Association of plasma Fetuin-A and clinical characteristics in patients with new-onset type 2 diabetes mellitus

Liang Yin; Wei-Juan Cai; Ling-Yun Zhu; Jun Li; Xiang-Hui Su; Xiao-Li Wang; Xiang-Yun Chang; Kan Sun

. 2015 Jan 15;8(1):991–999.

Association of plasma Fetuin-A and clinical characteristics in patients with new-onset type 2 diabetes mellitus

Liang Yin ^1,^*, Wei-Juan Cai ^2,^*, Ling-Yun Zhu ¹, Jun Li ¹, Xiang-Hui Su ¹, Xiao-Li Wang ¹, Xiang-Yun Chang ¹, Kan Sun ¹

PMCID: PMC4358540 PMID: 25785085

Abstract

Context: Fetuin-A is an abundant plasma protein known to inhibit insulin signaling and pathologic calcification, has emerged as a promising candidate biomarker for diabetes risk. Objective: The objective of this study was to investigate the relationships between plasma Fetuin-A level with clinical characteristics in patients with new-onset type 2 diabetes mellitus (nT2DM). Subjects and Methods: Plasma Fetuin-A levels, and clinical characteristics were assessed in 100 patients with nT2DM and 100 normal glucose tolerance (NGT). Results: nT2DM subjects had significantly higher Fetuin-A levels than NGT subjects (368.5 ± 15.6 vs 152.7 ± 7.1 mg/ml, P < 0.01). In the Pearson’s correlation coefficients, Fetuin-A levels and clinical parameters. Fetuin-A was positively correlated with HOMA-insulin resistance index (HOMA-IR), carotid intima media thickness(CIMT), HbA1c, triglyceride (TG), Low-density lipoprotein cholesterol (LDL-C), body mass index (BMI), systolic blood pressure (SBP), fasting plasma glucose (FBG) and 2 h post-glucose load blood glucose (2 h OGTT) (P < 0.05 and P < 0.01), but negatively with fasting plasma insulin (FINS), 2 h plasma insulin after glucose overload (PINS), High-density lipoprotein cholesterol (HDL-C) and HOMA-beta-cell insulin secretion index (HOMA-IS) (P < 0.05 and P < 0.01). However, no significant relationships were observed between plasma Fetuin-A levels and estimated glomerular filtration rate (eGFR), age and gender in nT2DM subjects. In a multiple linear regression analysis, Fetuin-A levels were independently associated with FBG, 2 h OGTT, HOMA-IS, TG, and CIMT (R² = 0.6760). CIMT were negatively associated with FINS and HDL-C (r = -0.33, P = 0.008; r = -0.31, P = 0.01, respectively) in the Pearson’s analyses. Moreover, they were positively associated with HOMA-IR (r = 0.28, P = 0.03). It showed significant correlations of plasma CIMT with FINS, PINS and HOMA-IR (R² = 0.6760). Conclusions: Our study suggests that the plasma Fetuin-A levels may be associated with macroangiopathies in nT2DM patients. Therefore, detecting early plasma Fetuin-A levels nT2DM provides an opportunity to intervene of carotid artery disease in diabetic patients and giving timely treatment for the prevention of diabetic vascular complications.

Keywords: New-onset type 2 diabetes mellitus, Fetuin-A, carotid intima-media thickness

Introduction

Atherosclerosis (AS) may be the most common macrovascular complication of type 2 diabetes (T2DM) and therefore, will emerge as the leading causes of death in these patients. The risk of AS patients with T2DM is higher than those with normal glucose tolerance [1]. Patients with new-onset type 2 diabetes mellitus (nT2DM) do not have typical of clinical manifestations, some patients with almost no symptoms. The high blood sugar is only for the main performance of nT2DM. So, early detection in high-risk groups can take effective preventive measures to reduce cardiovascular mortality in patients with nT2DM.

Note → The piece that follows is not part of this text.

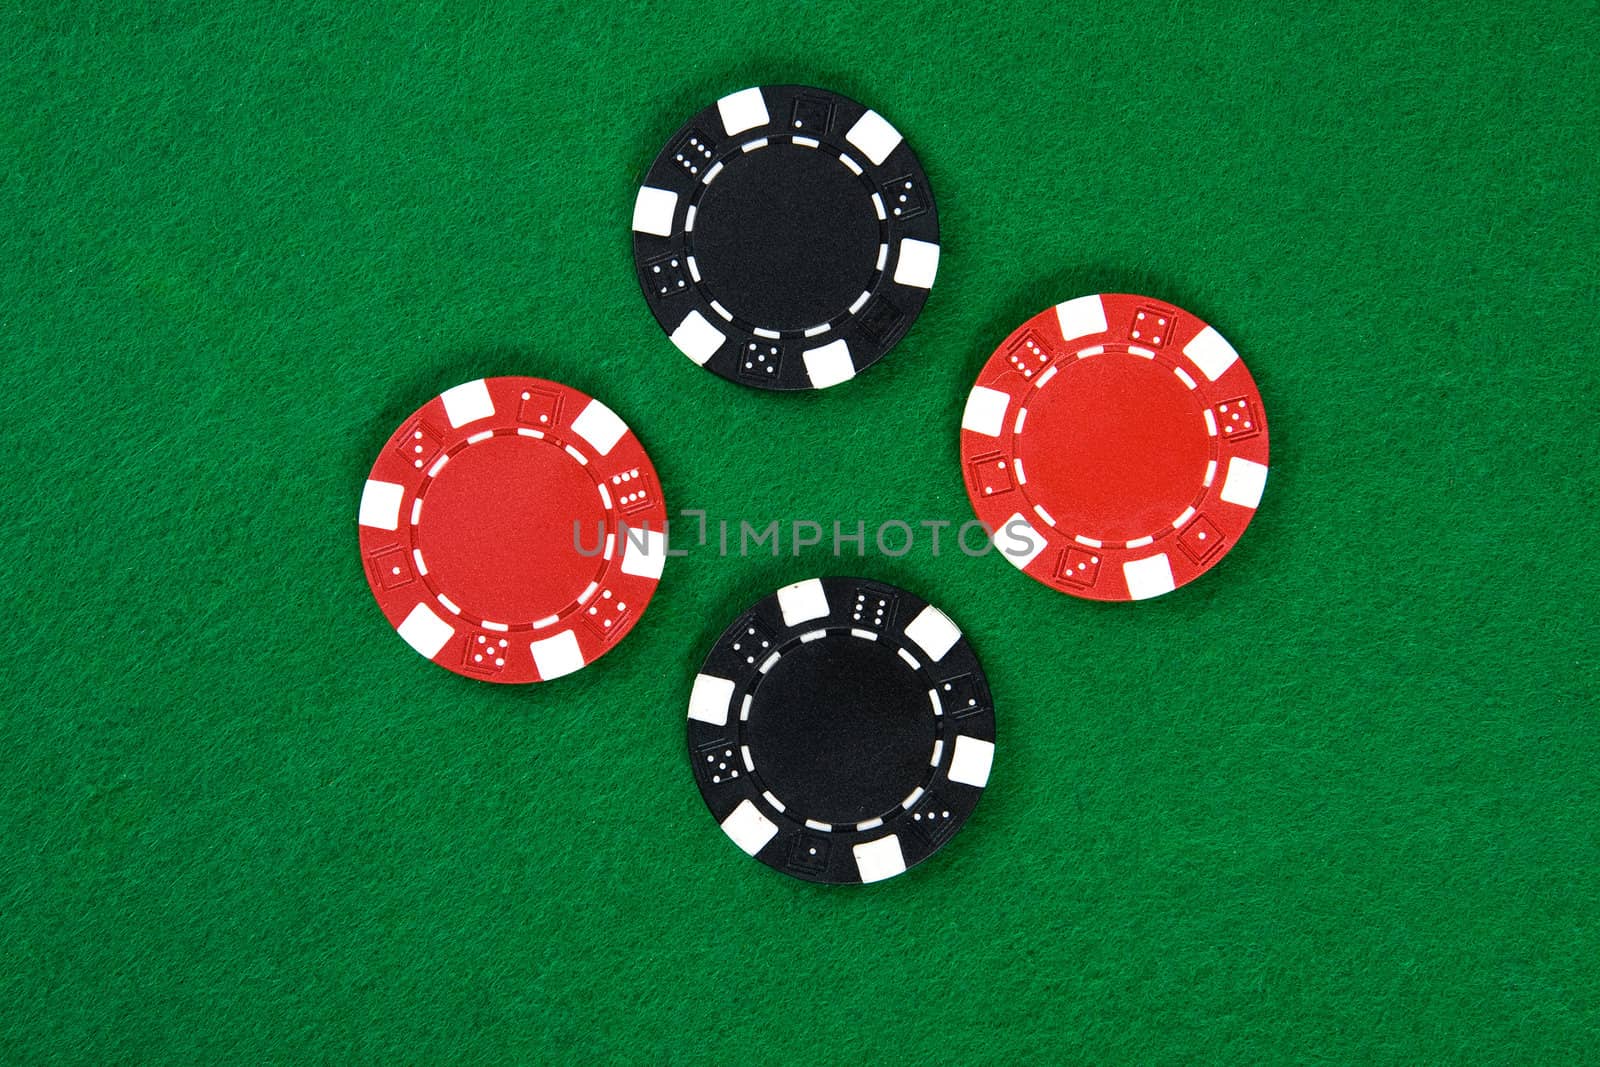 Two kinds of poker chips in the middle of green poker table. Top view.

Atherosclerosis, which mainly affects the medium-sized and large arteries of the heart, brain, kidney, peripheral artery and other large vessels. It is characterized by plaque deposits that block the flow of blood. An early sign of lesions are increases intima-media thickness (IMT) of arterial wall. The Study showed that the carotid artery intima-media thickness (CIMT) can be as a surrogate marker of coronary artery disease in diabetes [2]. Thus, it seems that CIMT has important significance for early detection and intervention of carotid artery disease in diabetic patients and giving timely treatment for the prevention of diabetic vascular complications.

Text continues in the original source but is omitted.